How to Use a Just Dial Scrapper for Targeted Leads

Step-by-step Just Dial Scrapper Tutorial for Beginners

1. Overview

A Just Dial scrapper extracts business listings (names, phone numbers, addresses, categories, ratings) from Justdial.com for lead generation or analysis. This tutorial assumes scraping for legitimate, allowed uses and compliance with Just Dial’s terms of service and applicable laws.

2. What you need

  • Basic skills: Python (requests, BeautifulSoup) or Node.js (axios, cheerio).
  • Optional tools: Selenium or Playwright for dynamic pages, proxies/rotating IPs if making many requests, and a CSV/DB (SQLite, PostgreSQL) to store results.
  • Environment: Python 3.8+ or Node.js 14+, pip/npm.

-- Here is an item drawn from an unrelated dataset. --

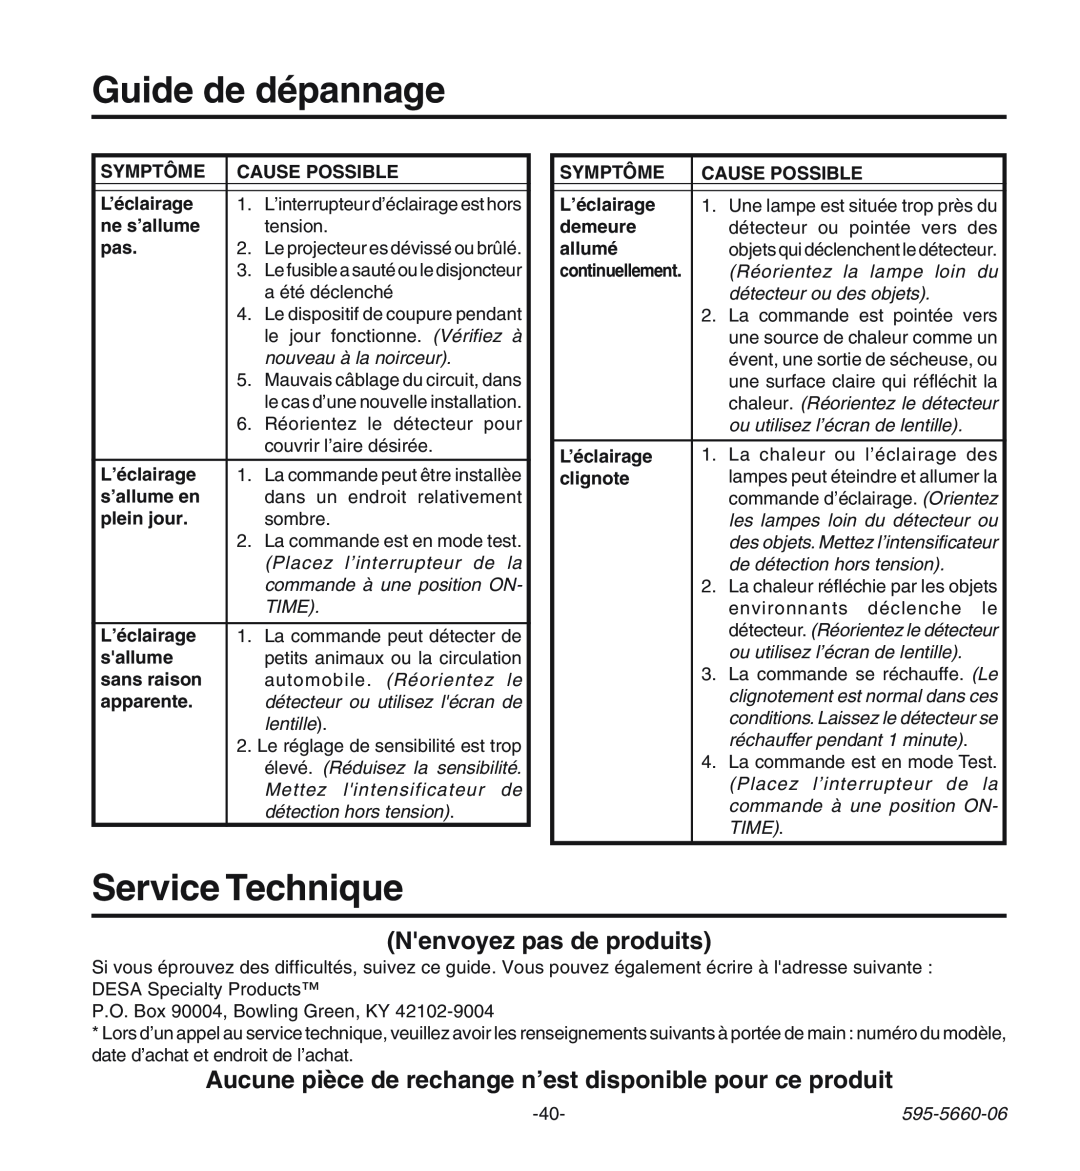 Desa HD-9140 manual Guide de dépannage, Service Technique, Nenvoyez pas de produits

3. Step 1 — Inspect the site

  • Open Justdial and perform a sample search (city + category).
  • Use browser DevTools → Network to observe requests and HTML structure. Identify where listing details appear and whether content is loaded dynamically via XHR.

4. Step 2 — Fetch search result pages

  • If listings are rendered server-side, use direct HTTP GET requests to the search URL with appropriate query parameters.
  • If content is dynamic, use Selenium/Playwright to render JavaScript and capture the final HTML.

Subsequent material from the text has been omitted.